U.S. Intellectual History Blog

The Black Anniversaries of 2019

As we near the end of 2018, I cannot help but think about the 2019 calendar. As a historian, I always find myself thinking about what milestones and anniversaries will be commemorated—as well as those that should be commemorated but are left out of the public eye. Today I will talk about a few of them, those that relate to African American history.  I certainly encourage you to add more in the comments.

Without question, the biggest one is the four-hundredth anniversary of the beginnings of slavery in British North America. The year 1619 saw the arrival of twenty captured Africans to Jamestown colony in present-day Virginia. This also often becomes the traditional starting point for including people of African descent in an American history survey. But as Michael Guasco points out at Black Perspectives, this might be a mistake. The presence of Africans in the Americas—even British-controlled portions of the Americas—began before 1619. I am sure historians will do more of the hard work required to both remember 1619 and to put it in greater, and more accurate, context.

The upcoming year also offers the chance to reflect seriously on the Reconstruction period. Ulysses S. Grant’s presidency began in March 1869 and was marked by national turmoil over the questions of race and citizenship opened by the Reconstruction era.
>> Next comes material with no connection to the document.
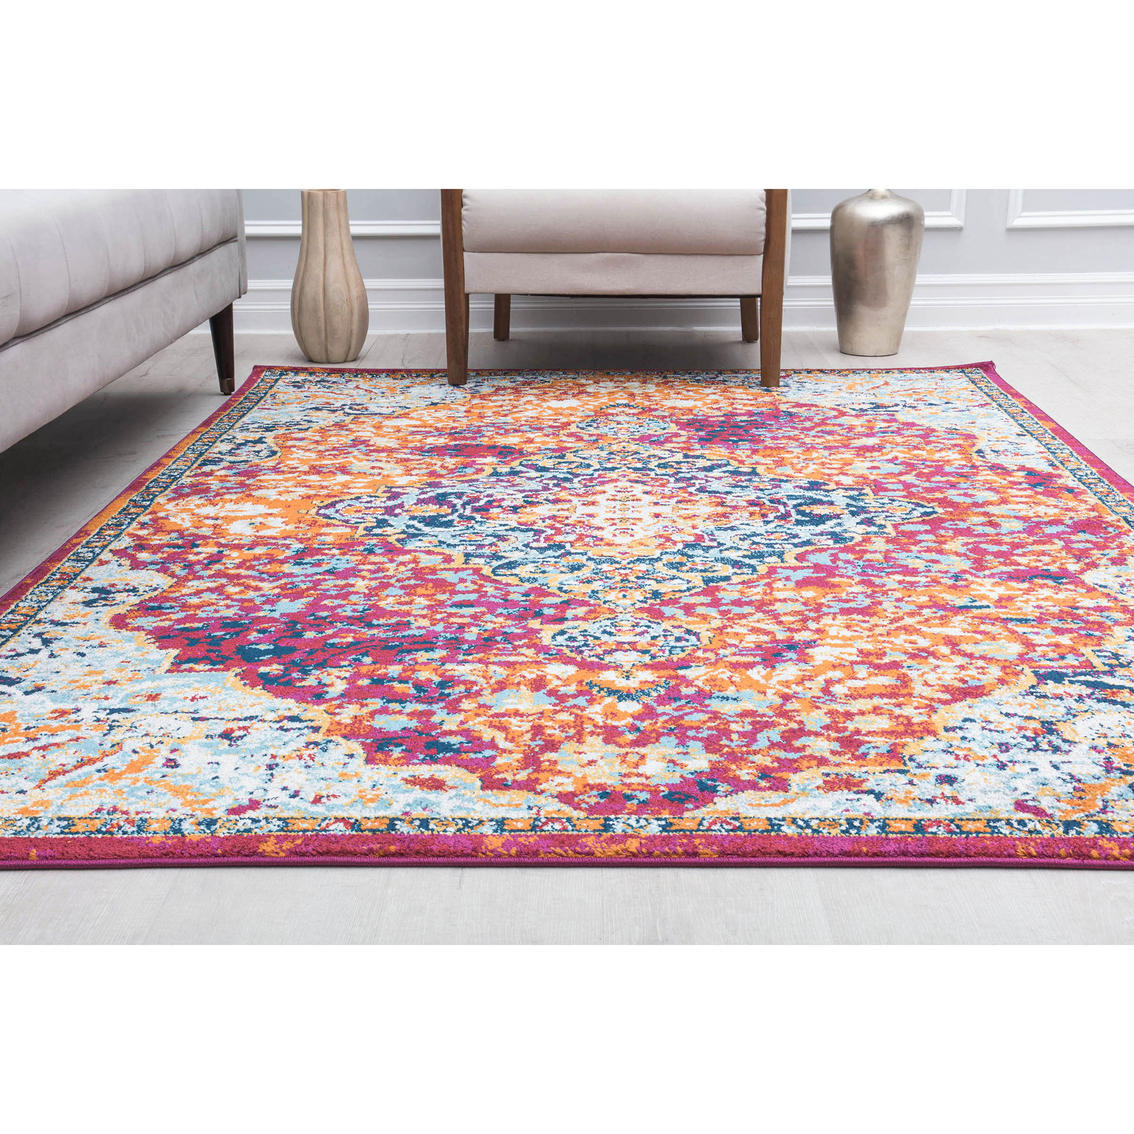 Rugs America Harper Rosy Peach Abstract Vintage Area Rug - Image 4 of 8

Commemoration of Reconstruction has not had the same national impact as some of the events held to mark the various sesquicentennial events of the Civil War. Nonetheless, historians and other scholars should to their best to inform the American people of how the events of the Reconstruction era deeply shape the nation in which we live today.
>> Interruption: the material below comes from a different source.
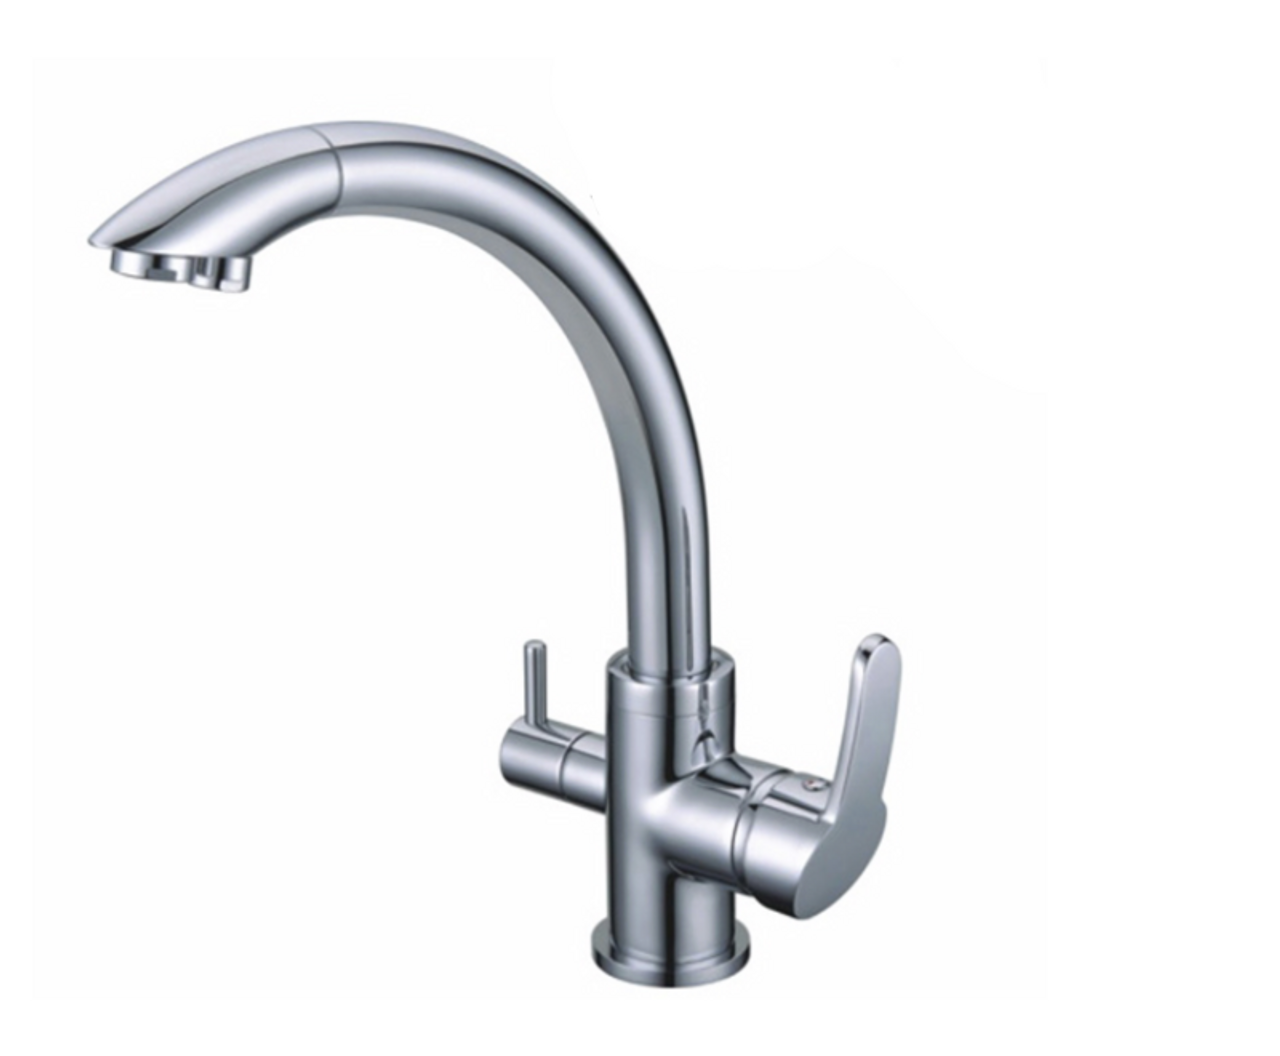 Waterlux Wl 304 Elegant Three Way Hot Cold Kitchen Faucet For Ro

Finally, the centennial of the tumultuous year of 1919 will likely garner a great deal of public attention. The debate over American entry into the League of Nations and the Treaty of Versailles conference will consume considerable national attention, especially as debates about American isolationism and intervention abroad stay in modern news headlines. But we should also take time to talk about the “Red Summer” of 1919, the nationwide convulsion of “riots” and pogroms targeting African Americans. These latter two eras, 1869 and 1919, have played an incredible role in both African American and America intellectual history. Perhaps 2019 can offer an opportunity for Americans to think deeper about the kind of nation they live in, profoundly shaped as it was by these various events in the past.

Anniversaries offer a chance to both reflect on the past and take stock of the here and now. It is virtually impossible to imagine the modern United States without the presence of African people during its history. The anniversaries mentioned above are a golden opportunity to think about what this presence has meant—and will continue to mean—for Americans.